Margrét worked in business and gallery management 1992–2008 and was a literary critic for the newspaper DV 1996–1999. She has been a freelance consultant on children's books and children's culture since 1997. She was a part-time lecturer at the Námsflokkar Reykjavíkur, the Iceland University of Education and elsewhere 1997–2000. She was editor of the journals Mál og menning then the press Edda útgáfa 2000–2003. She was a freelance photo editor, translator and copywriter 2003–2009 and a children's author.

Following the 2009 Icelandic financial crisis protests, Margrét became an Alþingismaður for the Suðurkjördæmi constituency 2009–2013 (Borgarahreyfingin, Hreyfingin).

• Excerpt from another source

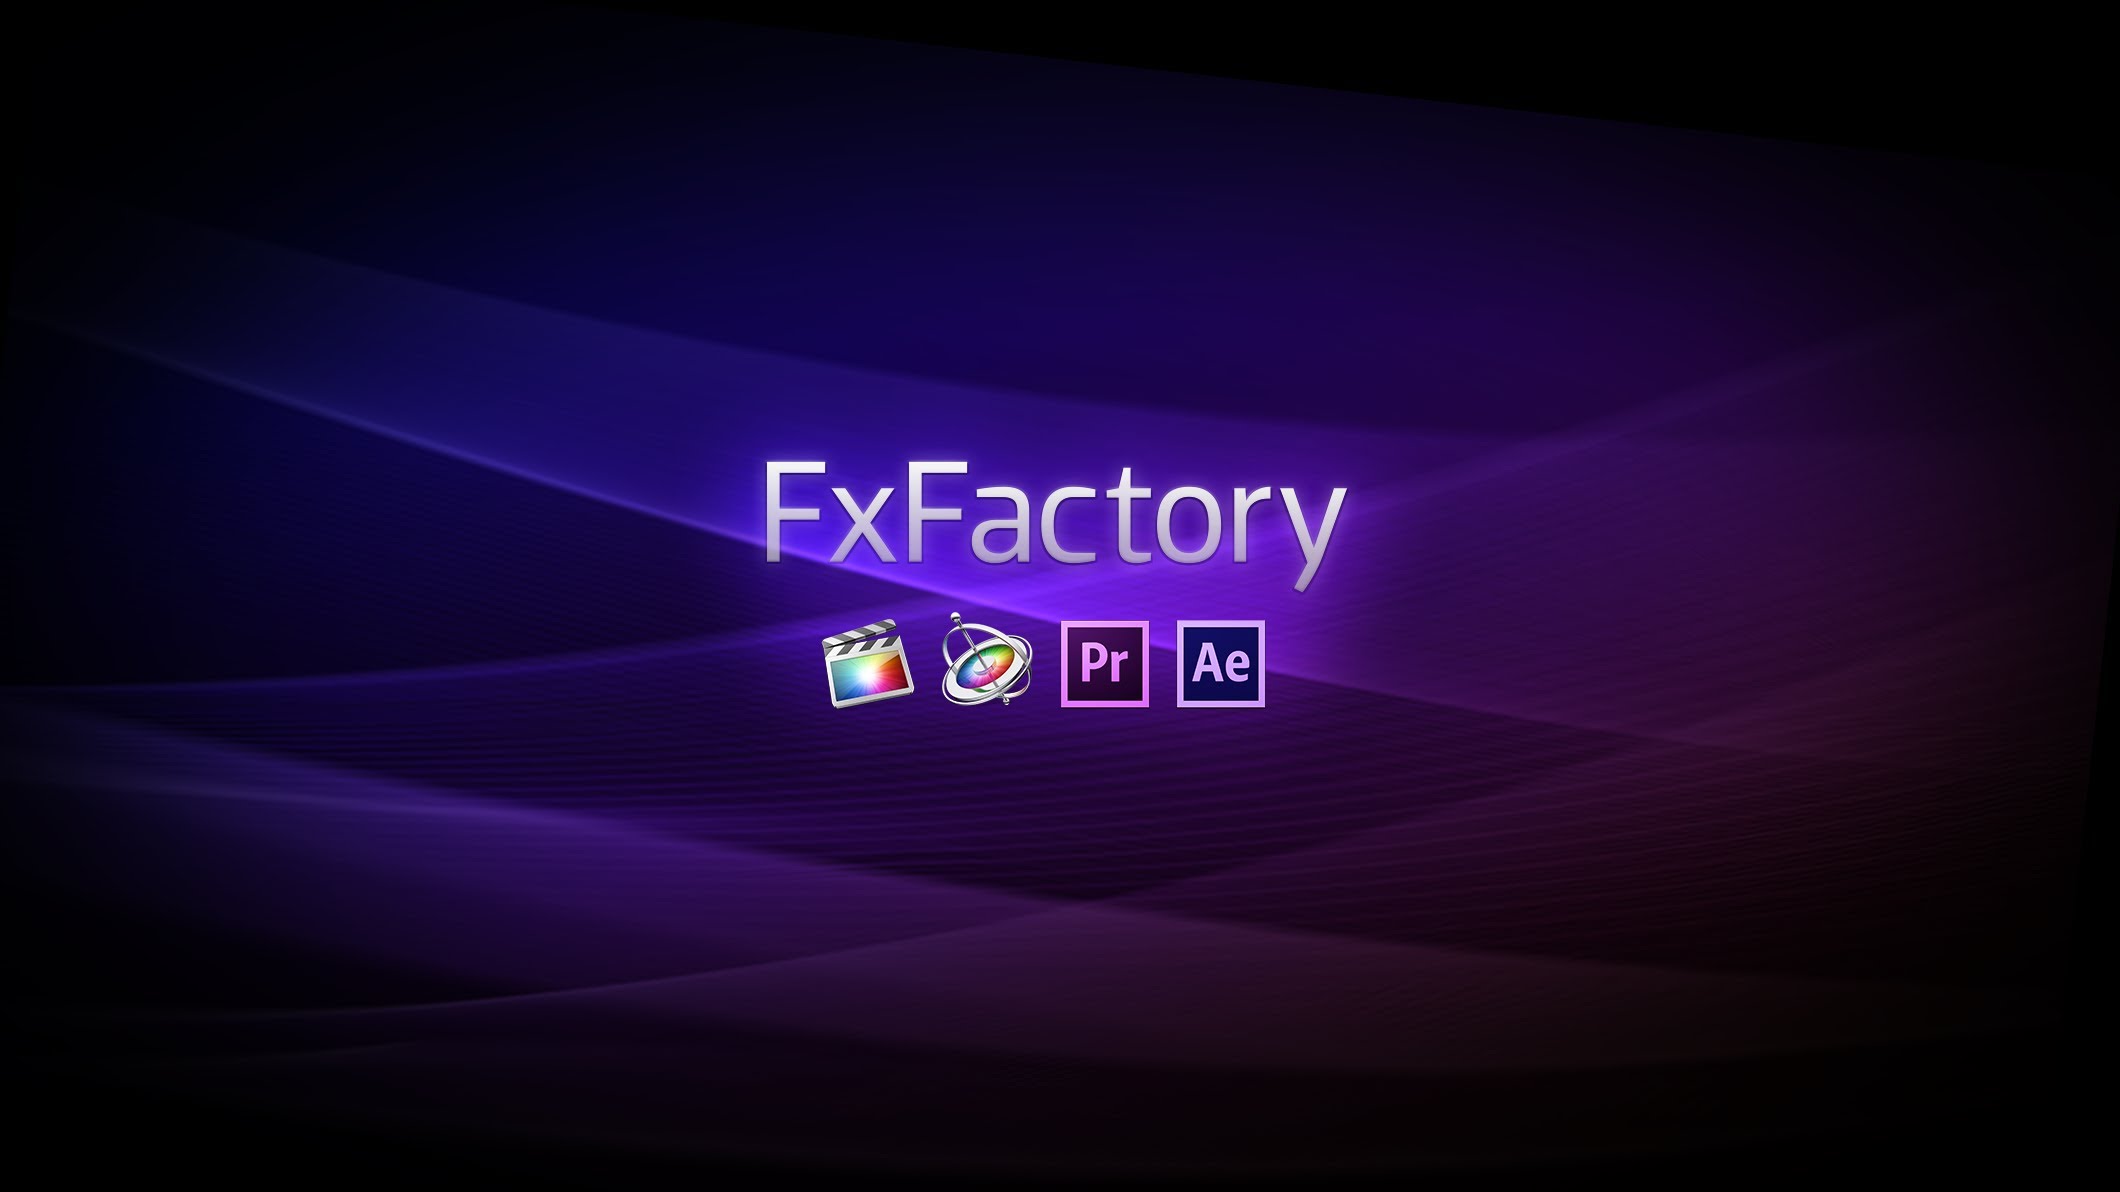 FxFactory Pro 7.1.2 download free

She chaired The Movement 2009–2010 and chaired the parliamentary group of The Movement 2010–2011 and 2012–2013.

==Publications==

In 2006, Margrét won the Icelandic Children's Book Prize for her Sagan af undurfögru prinsessunni og hugrakka prinsinum hennar (co-written with Halldór Baldurson). Her memoirs of her time in parliament were published in 2014 by Hansen og synir as Útistöður.

In 2021, she received the Guðrún Helgadóttir Children's Book Prize (Barnabókaverðlaun Guðrúnar Helgadóttur) for her book Sterk about a transgender girl investigating a missing person case.